Por eso es falso el conflicto entre los medios y los fines cuando está referido al Estado de derecho. La justicia nunca puede triunfar parcialmente. Si descuida los fines por atender los medios, o si claudica en los medios por obstinarse en los fines, habrá vencido en fracciones, y cuando la justicia triunfa a medias, quien ha vencido, en realidad, es la injusticia, pero, por otra parte, tengamos las suficientes dosis de realismo.

El discurso de la legalidad es bello, pero puede ser engañoso. Seduce, pero no siempre cumple, porque un análisis más profundo nos previene y nos advierte sobre un posible embeleco colectivo. Si lo decimos con claridad, en verdad, ¿todos los gobernados quieren que nuestros gobiernos apliquen las leyes? ¿Todos los gobernantes quieren legalidad, honestidad y justicia? ¿Todos los mexicanos, de verdad, quieren castigo para el infractor? No creo que podamos estar seguros de ello.

El clamor por el Estado de derecho es unánime, pero no en todos es sincero porque hay muchos que se benefician con el No-Estado-de-Derecho porque trafican, porque corrompen, porque invaden, porque usurpan, porque defraudan, porque subvierten y porque medran.

Por eso, la agenda del porvenir es grande. Es compleja y no siempre es grata. Implica buenas leyes, ejecutores de las mismas, presupuestos suficientes, instituciones eficientes, coordinación entre potestades, honestidades y lealtades, cultura de legalidad y, por si fuera poco, gobernantes obedientes de la ley, y no sólo gobernados sometidos a ella.

En efecto, las dos peores derrotas a las que puede enfrentarse un sistema político contemporáneo son el fracaso de su autoridad y el fracaso de su libertad. El triunfo de ambas no es sencillo, sino complejo. En muchas ocasiones, el triunfo de la autoridad se paga con cargo a la libertad, así como, en muchos eventos, la victoria de la libertad se paga con cargo a la autoridad.

Los pueblos que no aciertan en la resolución de este enigma se confunden y se extravían, viviendo largas épocas de mucha autoridad y poca libertad, así como otras de mucha libertad y poca autoridad.

Qué bueno que todos trabajemos para evitar la gran catástrofe de no haber consolidado la plena potestad de nuestra autoridad, al tiempo de no haber entronizado el adecuado uso de nuestra libertad.

Hoy, más que nunca, se debe tener presente que la justicia requiere acompañarse de fortaleza, de prudencia y de templanza.
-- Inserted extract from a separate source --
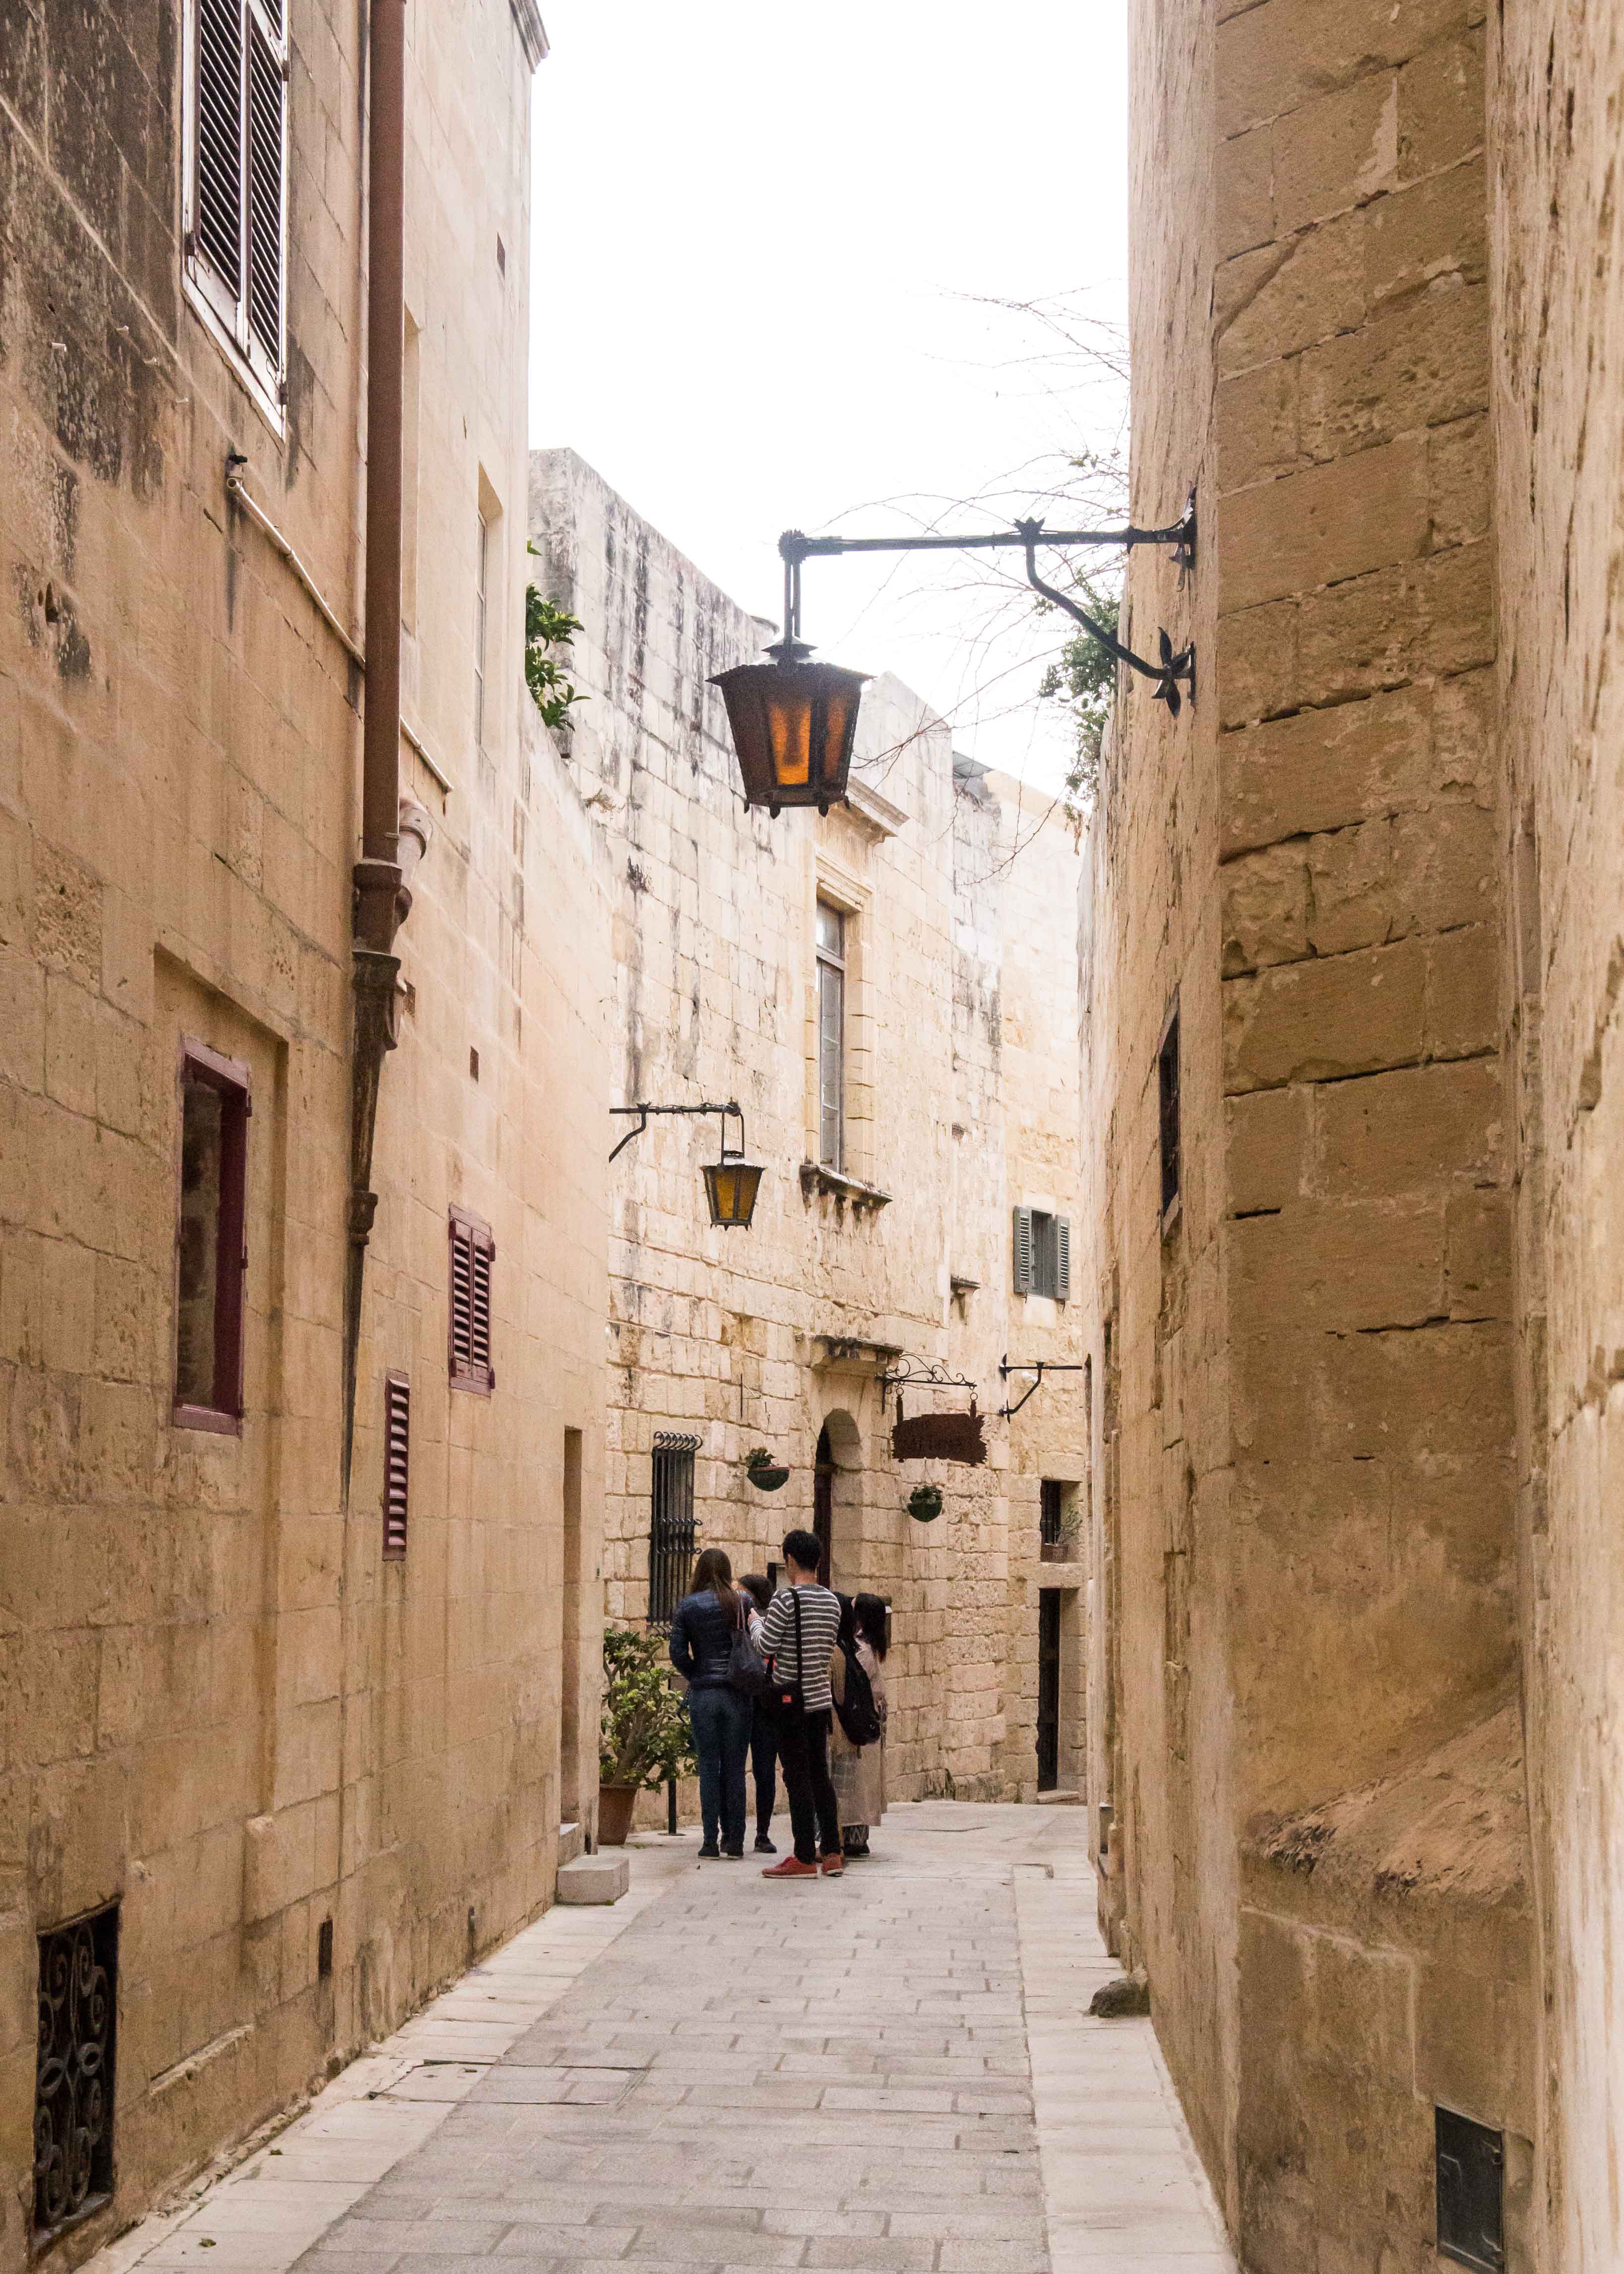 The street of Mdina, Mdina Gate, the old capital of Malta

Y que nunca triunfa cuando se le pretende asociar con los falsos símiles de aquéllas: Con la fuerza, que a veces aparenta ser fortaleza; con el temor, que en ocasiones pretende disfrazarse de prudencia, y con la mera abstención, que suele tener ansia de engalanarse como verdadera templanza.

Por eso, bien se ha dicho que la justicia es mejor que la victoria.